1. A wafer cleaning apparatus, Multiple support parts that support the outer edge of the wafer, A first cleaning tool fixed to a first arm and used to clean the surface side of the wafer supported by the plurality of support parts, A second cleaning tool fixed to a second arm and used to clean the back side of the wafer supported by the plurality of support parts, A first moving unit moves the first cleaning tool between a contact position where the first cleaning tool contacts the surface side of the wafer and a retracted position, A second moving unit moves the second cleaning tool between a contact position where the second cleaning tool contacts the back surface of the wafer and a retracted position, A cleaning solution supply unit that supplies cleaning solution to the front and back sides of the wafer, respectively, A first displacement sensor for detecting the displacement of the first cleaning tool relative to the first arm, A cleaning device comprising: a second displacement meter for detecting the displacement of the second cleaning tool relative to the second arm.

2. The cleaning apparatus according to claim 1, wherein an abnormality of the first cleaning tool is detected based on the displacement of the first cleaning tool measured by the first displacement meter, and an abnormality of the second cleaning tool is detected based on the displacement of the second cleaning tool measured by the second displacement meter.

3. Based on the displacement of the first cleaning tool detected by the first displacement meter, the contact of the first cleaning tool with the surface is detected, The cleaning apparatus according to claim 2, wherein the contact of the second cleaning tool with the back surface is detected based on the displacement of the second cleaning tool detected by the second displacement meter.

4. The cleaning apparatus according to claim 3, further comprising an alarm unit that issues an alarm if contact between at least one of the first cleaning tool and the second cleaning tool is not detected during cleaning of the wafer.

5. A method for cleaning a wafer using the cleaning apparatus described in claim 1, A support step in which the outer edge of the wafer is supported by a plurality of support parts, A cleaning step in which the surface side of the wafer supported by the plurality of support parts is cleaned with a first cleaning tool and the back side of the wafer is cleaned with a second cleaning tool, A cleaning method comprising a displacement detection step of detecting the displacement of the first cleaning tool relative to the first arm and the displacement of the second cleaning tool relative to the second arm.

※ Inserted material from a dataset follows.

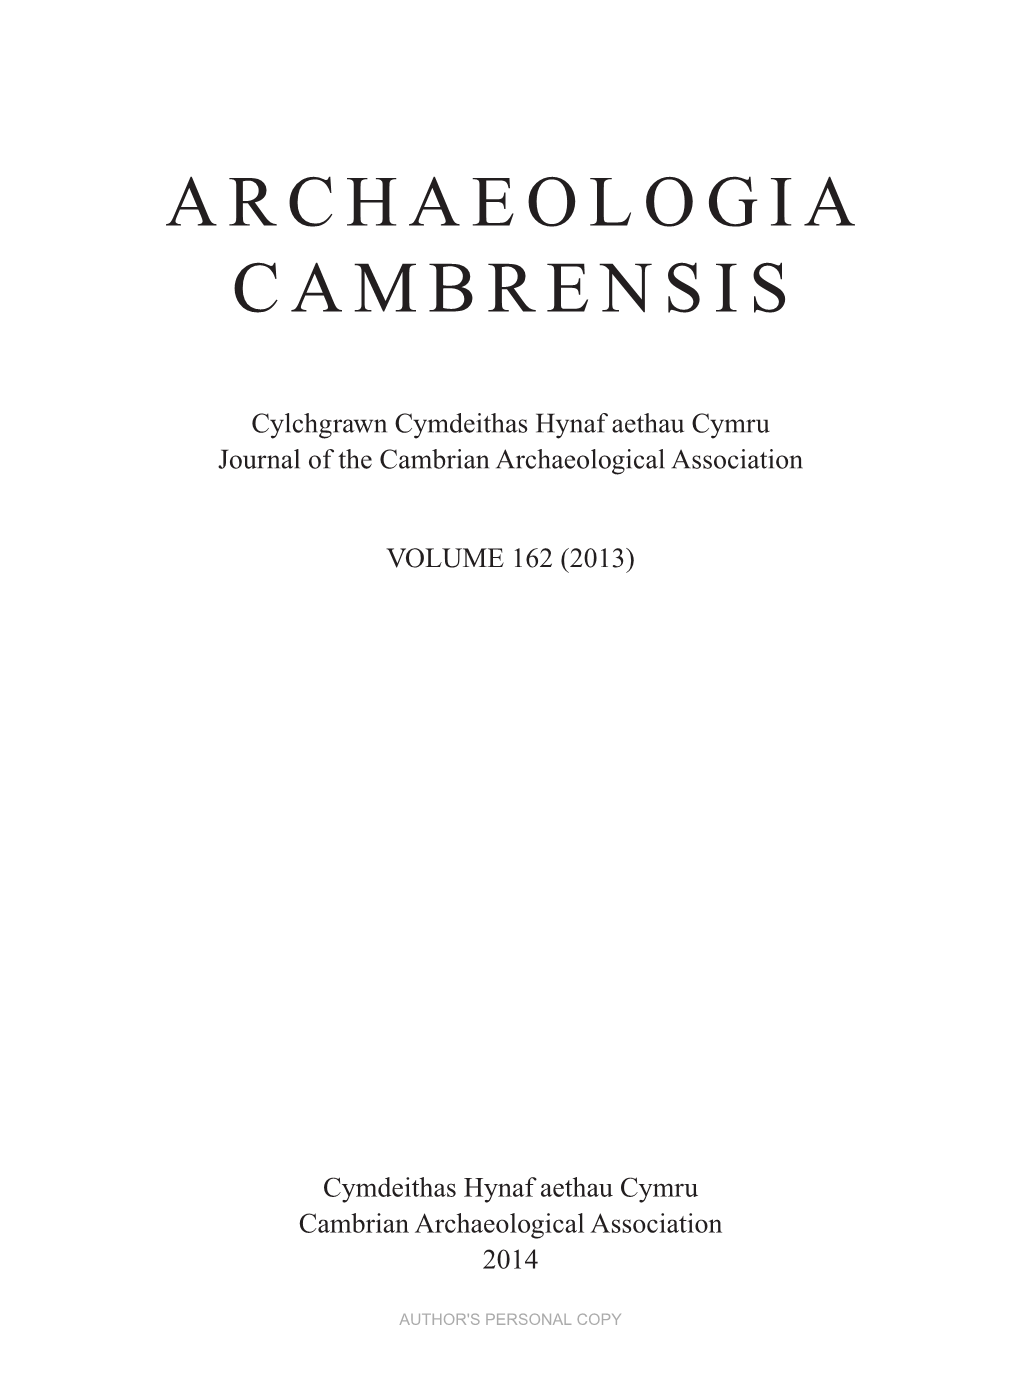 Archaeologia Cambrensis

6. The cleaning method according to claim 5, further comprising: a determination step of determining whether the first cleaning tool and the second cleaning tool are normal or abnormal based on the displacement of the first cleaning tool and the displacement of the second cleaning tool detected in the displacement detection step.

7. The displacement detection step and the determination step are performed simultaneously with the cleaning step. In this determination step, the contact of the first cleaning tool with the surface side is detected based on the displacement of the first cleaning tool, and the contact of the second cleaning tool with the back side is detected based on the displacement of the second cleaning tool. The cleaning method according to claim 6, further comprising an alarm step of issuing an alarm if contact between at least one of the first cleaning tool and the second cleaning tool is not detected during the cleaning step.